Un fauteuil, une enceinte, un pot de fleurs et un vieux radiateur en fonte. Un mur blanc. Du parquet. Un lettrage simple, jaune canari. Ton sur ton. Cosy, posé et stylé. Tout Oddisee en une pochette d’album.
Rappeur et producteur originaire du Prince George’s County dans le Maryland, figure du groupe Diamond District aux côtés de X.O. et yU (The 1978ers), Amir Mohamed el Khalifa vient de sortir son dernier opus, The Good Fight, deux ans tout juste après le très remarqué Tangible Dreams. Fils d’un père soudanais et d’une mère afro-américaine, Odd cultive ses racines comme le papyrus du Nil où il passe tous les étés de son enfance.

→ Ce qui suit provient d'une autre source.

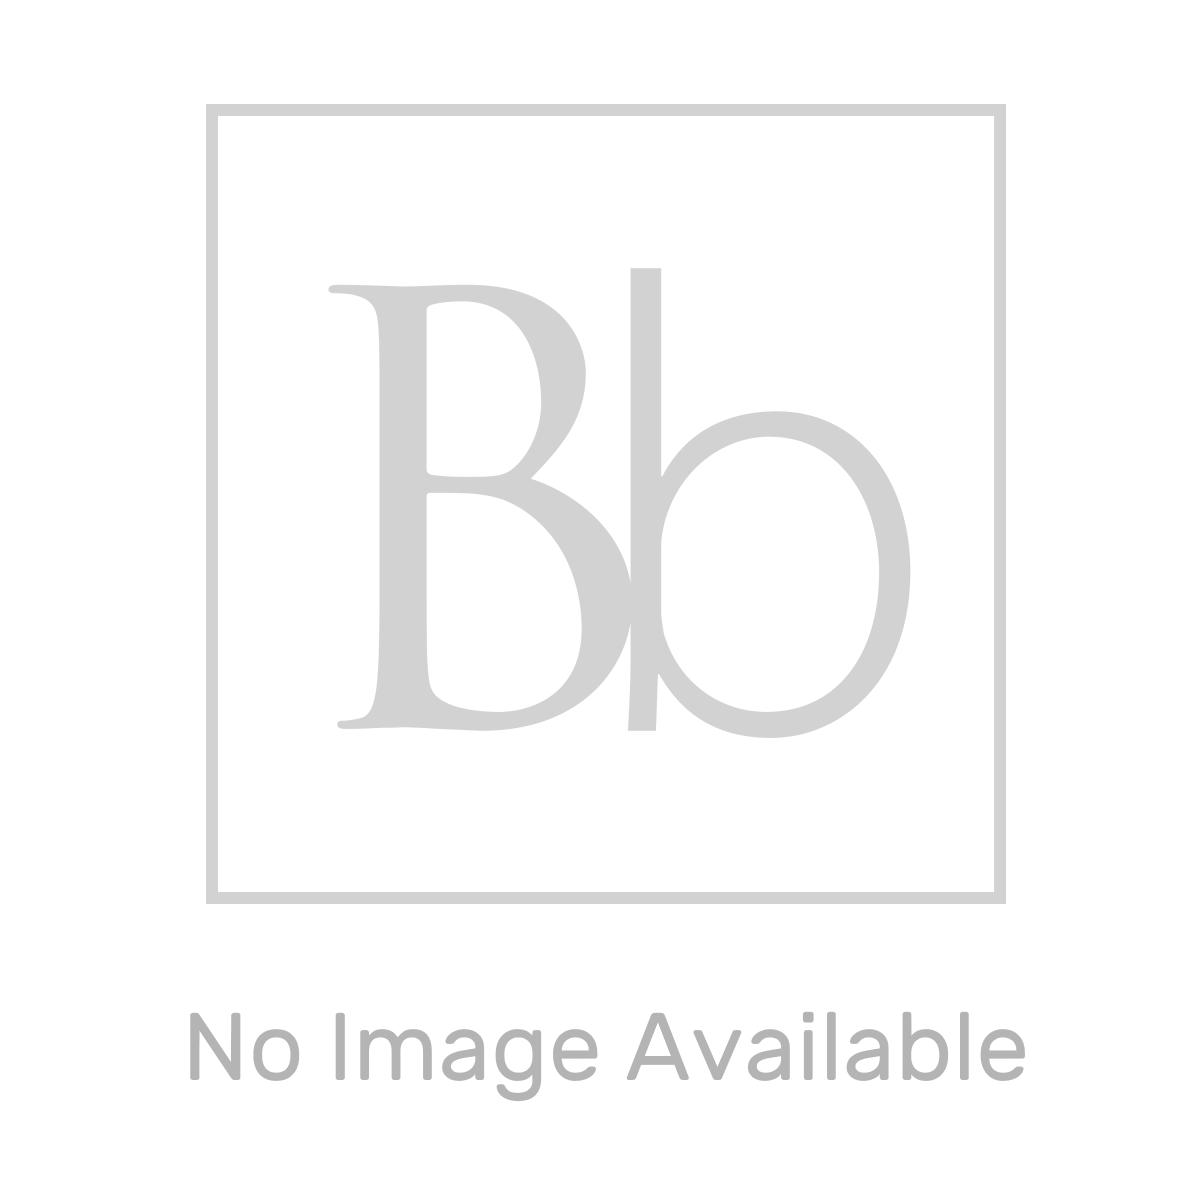 RAK Rubens Illuminated LED Bevel Edged Mirror 800 x 600mm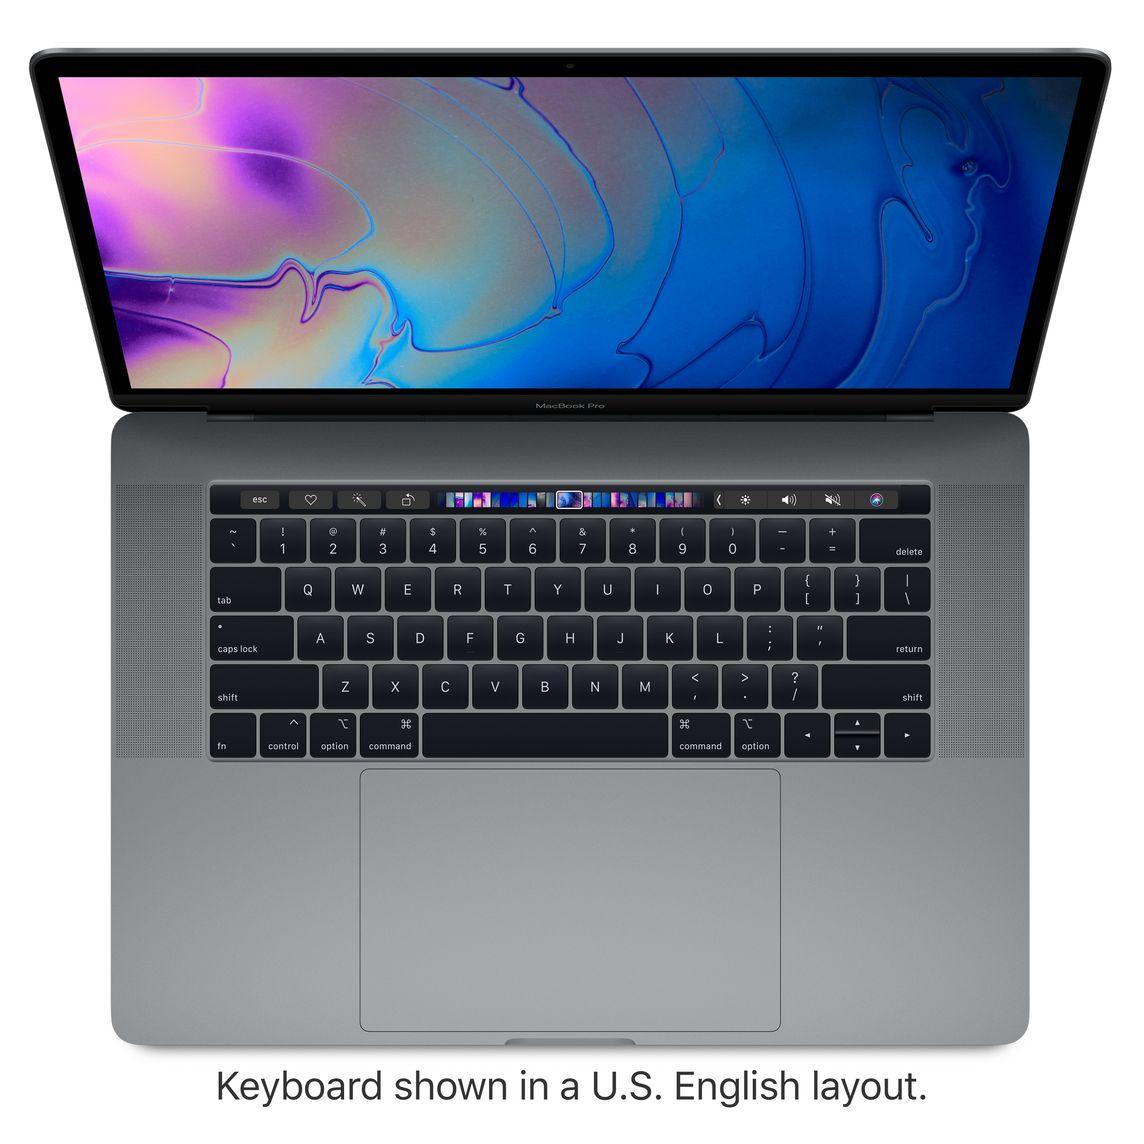 Refurbished 15.4 inch MacBook Pro 2.9GHz 6 core Intel Core i9 with Retina display and Radeon Pro Vega 20 Space Gray

A la maison, bercé par les sons du oud et des congas, il se forge une culture musicale ancrée dans l’Afrique subsaharienne. Oddisee, qui produit maintenant pour les plus grands du milieu (Freeway, Jazzy Jeff, De La Soul…), et se pose au micro sur des sons de Flying Lotus, Kev Brown ou encore Erik Lau, représente plus que dignement le son du DMV (District of Columbia, Maryland, Virginia).
Album éclectique aux influences jazz et funk clairement assumées, The Good Fight a de l’assise. Ancré dans la tradition musicale originaire de Washington D.C., il emprunte au « go-go », musique populaire issue du funk et apparue au milieu des années 60, qui privilégie les percussions et les jam sessions. Basé sur l’immédiateté de l’échange avec le public, ce sous-genre du funk habite totalement The Good Fight. Dès le premier track, « That’s Love », on est plongé dans une instrumentation live tout en fluidité, un flow souple et chaud, un hip-hop affranchi du pur « beat & rhyme », comme on en entend de plus en plus (écoutez notre Heavy Rotation spéciale organic sound). Sur douze titres homogènes, Oddisee enveloppe son album de vibrations colorées : sa vision métissée du Hip-Hop. Chaque track est travaillé en continuité, servant un « tout » conceptuel qui sert la cause, un « keep it real » musical, aussi largement travaillé dans les textes. D’une franchise déconcertante, Oddisee a le verbe acerbe. Carnet de vie autant que témoignage, The Good Fight donne matière pour l’épanchement intime d’un rappeur ultra-conscient de ce qu’il est, sans malaise :
I pretend that I listen a lot when people say things I don’t really care about /
In one ear and it goes out /
And you wouldn’t even notice that my head was in the cloud.
(« Contradiction’s Maze« )
Avec des rythmes syncopés et une production qui célèbre les arrangements live, l’accent est clairement mis sur les lignes de percussion, et notamment les cymbales, symbole d’un swing presque identitaire chez Oddisee. C’est de la sérénité qui se dégage de The Good Fight, de la certitude aussi, celle que l’on peut être bon sans ostentation. Si le son paraît un peu trop déconnecté de l’émotion par moments – trop appliqué peut-être, plus méticuleux que groovy, ce qui gâche un peu le plaisir à l’écoute – The Good Fight est un album consistant. Sérieux dans sa démarche, sérieux dans son art, Oddisee livre une oeuvre d’une luminosité confortable. Peut-être aurait-on souhaité un peu plus de lyrisme, une tonalité plus fragile, légèrement rêveuse, la suite des aventures du gamin à vélo de Rock Creek Park… C’est un joli moment de musique, c’est droit. On aurait aimé tanguer. Juste un peu.